Cinsiyetsizlik kavramıyla ortaya atılan ayrı bir tehlike çanları çalıyor. Kadın-erkek ayrımını ortadan kaldırma. Bunu kadın erkek eşitliğiyle karıştırmayın. Bu tek tip insan ortaya çıkarma eylemidir. Bunu giyimde, davranışlarda, yaşayışta hatta cinsel tercihte oluşturmaya çalışıyorlar. Hatta çocukların oyuncak tercihlerinde bile. Kız - oğlan, gelin- damat, karı - koca, anne- baba kavramınız olmasın istiyorlar. İş kadını, iş adamı kavramlarını iş insanı olarak değiştirdikleri gibi. Kadın ya da erkek olmanın bu kavramlarla anılmanın yanlış ve aşağılayıcı olduğu algısını yaratmak. Bu ayrımın kaldırılması oldukça tehlikelidir, sonu biseksüelliktir. (Yani her iki cinsle de ilişki kurmak.)
Bu çarpıtmaların ve tahribatların sonucunu özellikle sosyal medyada görüyoruz. Adamın biri çıkıyor hamileyim diye binlerce insana aylarca kendini takip ettiriyor. Göbeğini gösterip şu kadar zaman sonra doğacak diyor. Bir hastane odasında, hastaneyi ve masum bir bebeği de alet edip , doğurdum deyip ortaya çıkıyor. Şuurunu kaybetmiş bir kesimde gözün aydınlar diliyor. Ya buna alet olan hastaneye ne demeli? Çocuğunuzun bunu izlediğini ve nasıl bir psikolojik karmaşa yaşadığını bir düşünün, bunu ona nasıl açıklarsanız. Hadi o deli, aklını kaçırmış deyip geçin, ya diğerleri.
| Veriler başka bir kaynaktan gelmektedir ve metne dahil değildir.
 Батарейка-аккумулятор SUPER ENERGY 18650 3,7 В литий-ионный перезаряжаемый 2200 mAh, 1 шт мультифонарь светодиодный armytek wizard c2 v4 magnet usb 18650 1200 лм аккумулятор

Ahlaksızlık farklı cephelerden vuruyor sırtımızdan, kahpe bir kurşun gibi.
Gördükçe, tepki vermedikçe alıştırıyor ve normalleştiriyor. Asıl sorun bu. Sonra oturmuş gündüz programlarında birbirlerinin bütün kirli çamaşırlarını döken aileleri takip edip, kim kiminle aldatmış, hangi kadın yufkacıya kaçmış, kimin çocuğu kimdenmiş merakla takip eden sürülere dönüşmüşsünüz.
Dört duvar arasında yaşanması gereken ilişkiler ve mahremiyet ortalıkta yaşanıyor. Bizim hayvanlardan farkımız olmalı oysa, ormanda değil, inşa ettiğimiz medeniyette yaşıyoruz değil mi? Kâinatta en mertebeli olanı, yüce varlığı insan olarak yarattı Yaradan. Melekler bile insanın üstünlüğüne saygı gösterdi, boyun eğdi. Şeytan hariç. Bazıları ona uymayı ve geçici hevesler ,mutluluklar için değerini düşürmeyi tercih etti. Toplumda düzeni, ahlâkı, adaleti bozuyor ama arsızca yine adaleti ve değer görmeyi bekliyor.
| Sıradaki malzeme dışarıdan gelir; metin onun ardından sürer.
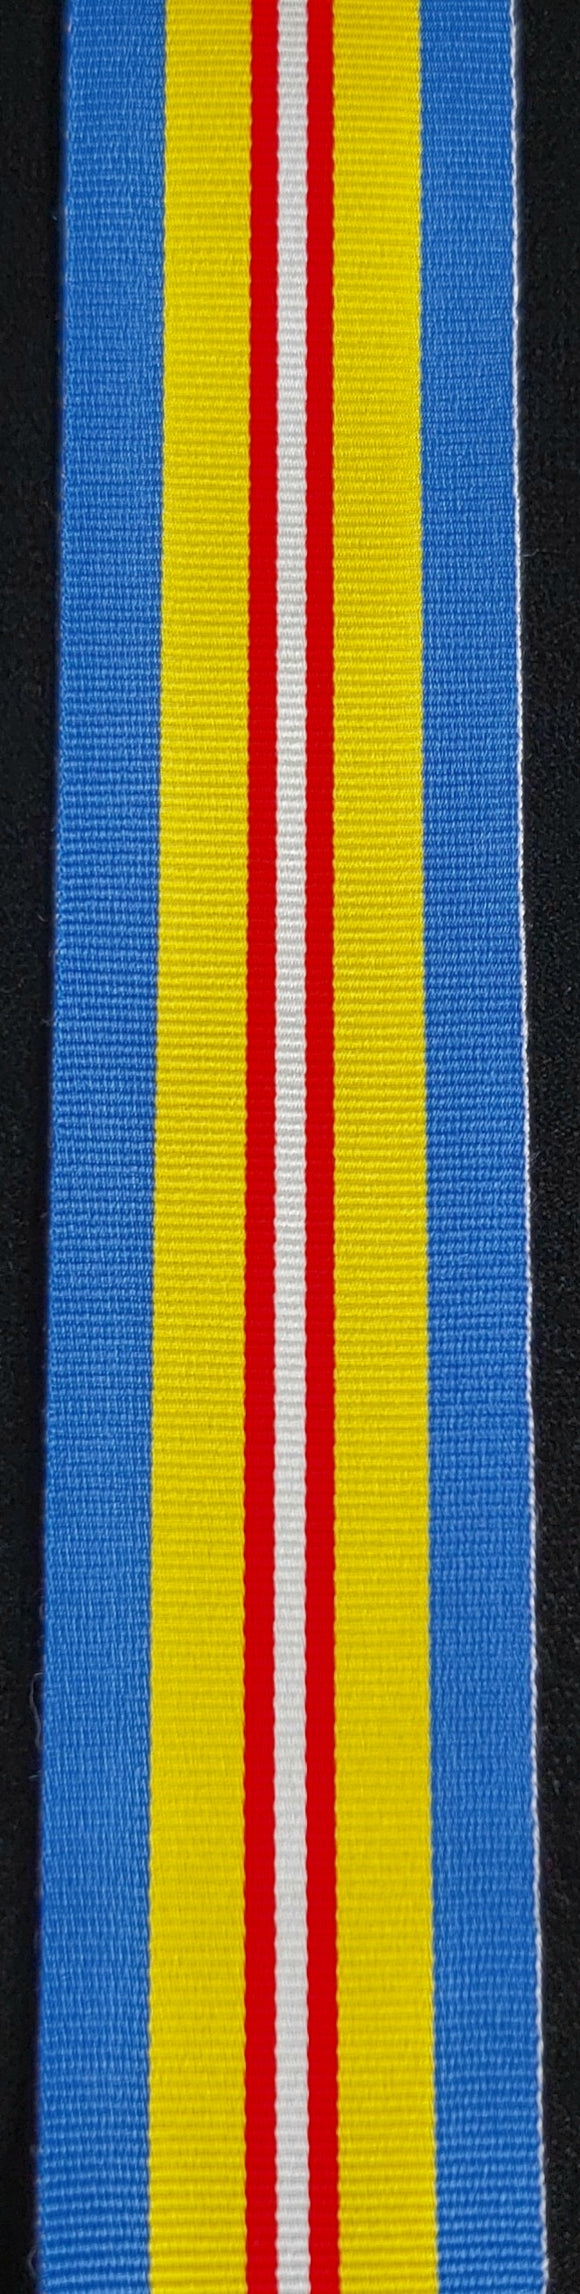 Ribbon, Korea Volunteer Service Medal

Siz de artık yeter nedir bu kadar rezillik demiyor musunuz? Bir etkiniz, tepkiniz olmazsa neye yarar? Haksızlıklar karşısında susan dilsiz şeytan değil miydi? Unutmayın Lut Kavmi'nin içinde Allah'a inanan, ibadet eden insanlarda vardı, ama onlarda sapıtanlarla birlikte helak oldu. Sustukları, görmezden geldikleri için.
Freni patlamış bir arabayı izliyoruz şu an. Bütün bunlar patlıcana, bibere, benzine gelen zamlar kadar konuşulmuyor ve rahatsız etmiyorsa bir problem var demektir. Ekonomi bozulur, düzelir, ama bir toplumda ahlâk bozuldu mu, insanlık bozuldu mu, sınırlar aşıldı mı düzelmez. Toplum ahlakını, düzenini ilgilendiren her şey düşünmeyi ve yaptırımı gerektirir. Çünkü bireyler toplum içinde yaşayan ve birbirini etkileyen faktörlerdir. Her koyun kendi bacağından asılır ama kokusu her yere yayılır!...
Ailemizi, gençlerimizi, neslimizi koruyalım. Hedef çocuklar ve gençler. Gelecek nesiller tehlikede!